Rigorous Construction
The benchmark is constructed through a native-speaker-driven process, ensuring linguistic naturalness, fluency, and cultural authenticity.
Insightful Findings
The study reveals important insights into the factors influencing Burmese LLM performance, such as architectural design and language representation.
Demerits
Limited Scope
While comprehensive, the benchmark may not cover all possible NLP tasks and challenges specific to Burmese.
Data Availability
The limited pretraining coverage for Burmese poses a significant challenge, which may affect the generalizability of the findings.
Expert Commentary
The introduction of BURMESE-SAN represents a significant advancement in the evaluation of LLMs for Burmese, addressing a critical gap in the field of NLP for low-resource languages.

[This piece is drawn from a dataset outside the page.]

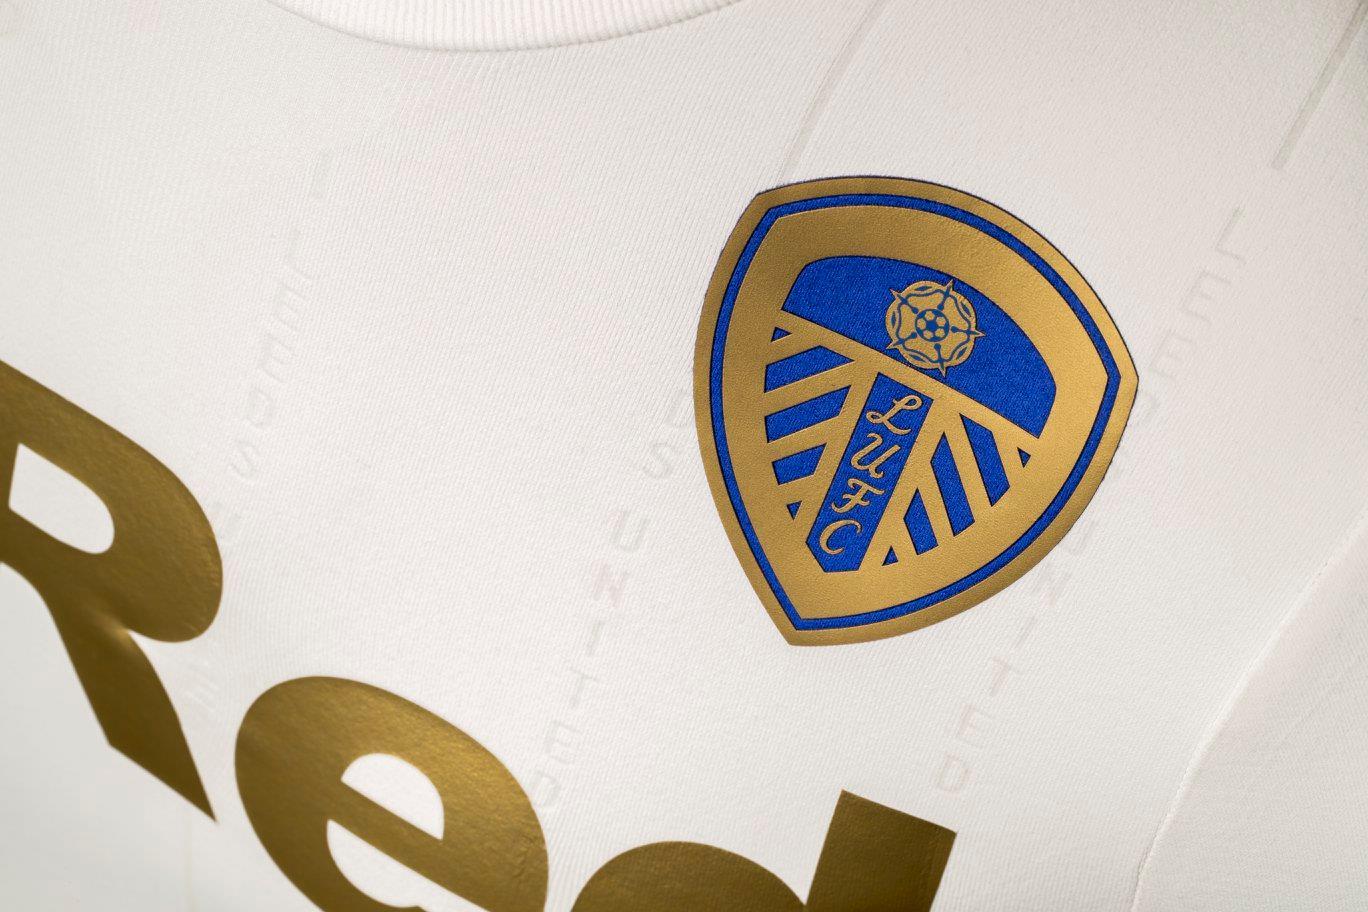 Leeds United: Leeds United 2017-18 Kappa Home Kit

The benchmark's comprehensive coverage of core NLP competencies, coupled with its rigorous construction process, ensures that the evaluation is both thorough and culturally relevant. The study's findings, particularly the emphasis on architectural design and language representation over model scale, provide valuable insights for researchers and developers working on Burmese LLMs. The release of BURMESE-SAN as a public leaderboard is a commendable initiative that will support sustained progress in Burmese NLP and potentially inspire similar efforts for other low-resource languages. However, the limited pretraining coverage for Burmese remains a challenge that needs to be addressed to ensure the generalizability of the findings. Overall, this work sets a high standard for benchmark development and evaluation in the field of NLP.
Recommendations
- ✓ Increase investment in data collection and pretraining for Burmese to address the limited pretraining coverage.
- ✓ Encourage the development of similar benchmarks for other low-resource languages to promote equitable progress in NLP.